A spokesperson said: "Management did not do this on a whim. It was after a lengthy consultation process and employees said they preferred being told immediately by e-mail than being called in one by one."

Credit Suisse First Boston is expected to axe 90 investment banking staff in its London office this week as part of a drive to cut about 400 investment banking staff globally.

This round of job losses is part of CSFB's plan, announced in the summer, to reduce its global workforce by between 5 and 7 per cent, or about 1,7500 jobs.

Separately, Henry Paulson, the chairman of Goldman Sachs, indicated the bank would slash more staff. Mr Paulson told France's La Tribune newspaper: "In spite of job cuts, the industry is still suffering from overcapacity.

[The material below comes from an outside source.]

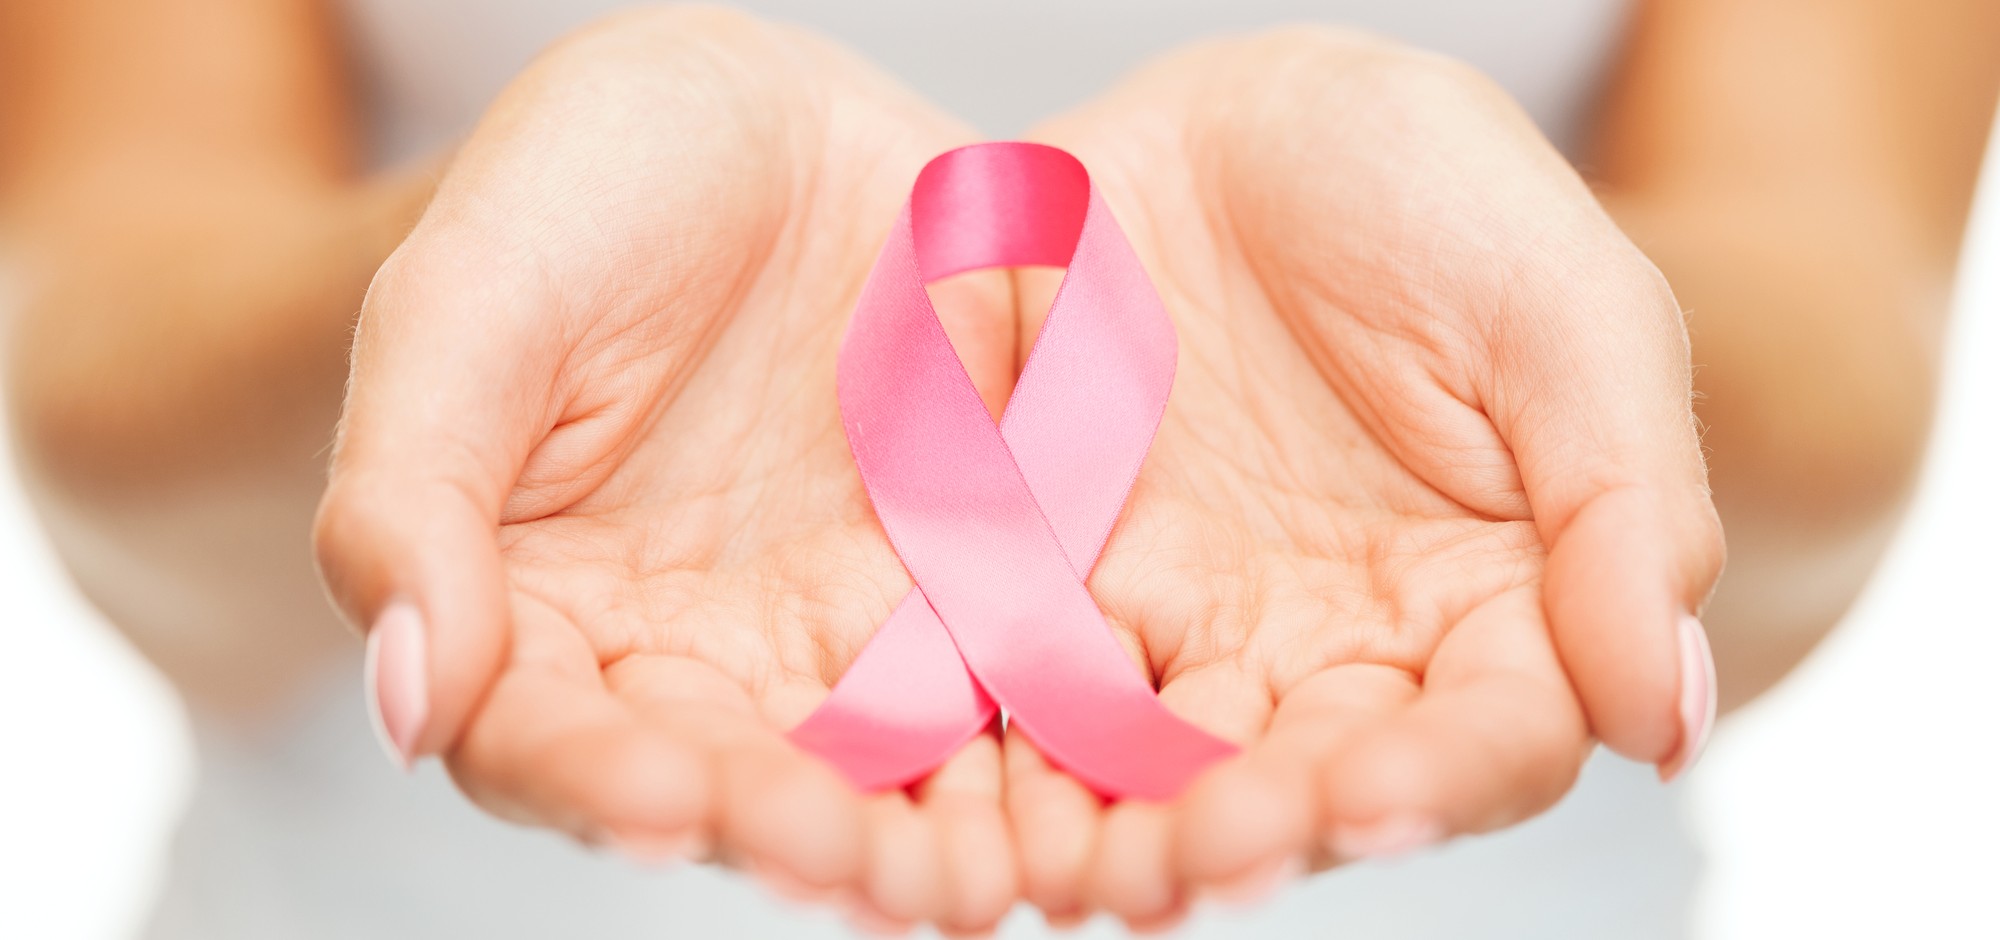 The Truth about Breast Cancer Awareness: เบื้องหลังริบบิ้นสีชมพู การรณรงค์มะเร็งเต้านม
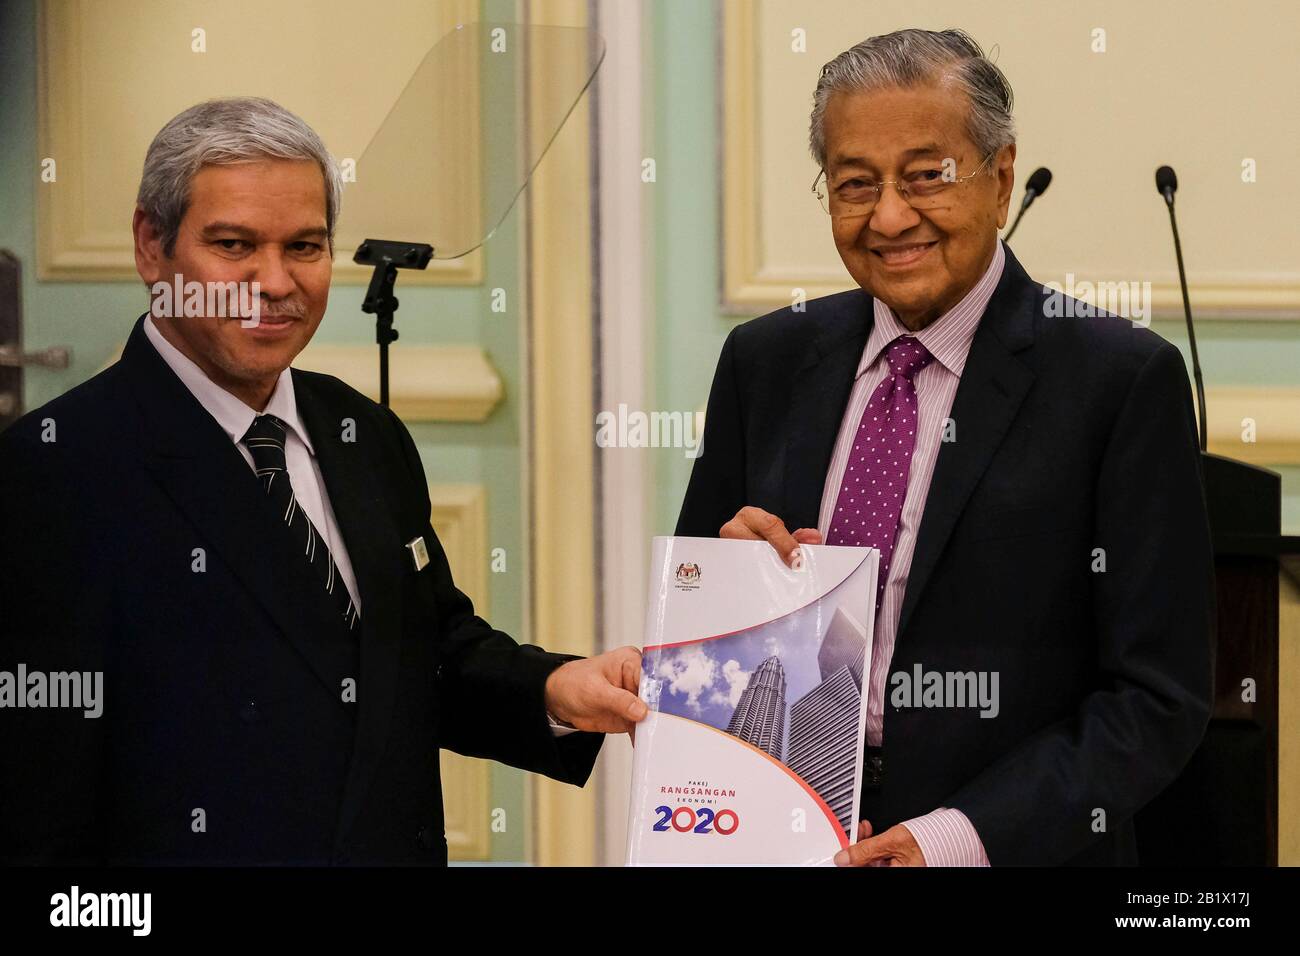 Malaysia Interims-Premierminister, Tun Dr. Mahathir Mohamad während der Zeremonie im Rahmen des Wirtschaftspakets 2020 in Malaysia in Putrajaya.Malaysia hat Einnahmen von mehr als 20 Milliarden als Konjunkturpaket, um Bedenken hinsichtlich der Auswirkungen des Covid-19-Virus-Ausbruchs zu zerstreuen. Das Konjunkturpaket wird sich auf Tourismus, Investitionen und Konsum konzentrieren, um die Inlandreise anzukurbeln. Stockfoto

We must continue to look at our costs by both business sector and geographical area."

Goldman had warned that headcount would continue to fall due to the continued downturn of the equity markets and lack of mergers and acquisition work for investment bankers.

The major investment banks have cut 65,400 jobs in the past year and a half in response to plummeting M&A and IPO fees. Other financial institutions have also felt the pinch.

Merrill Lynch was also the subject of speculation. It said "the bulk of staff reductions are behind us" but added that the bank "may reduce headcount in some areas".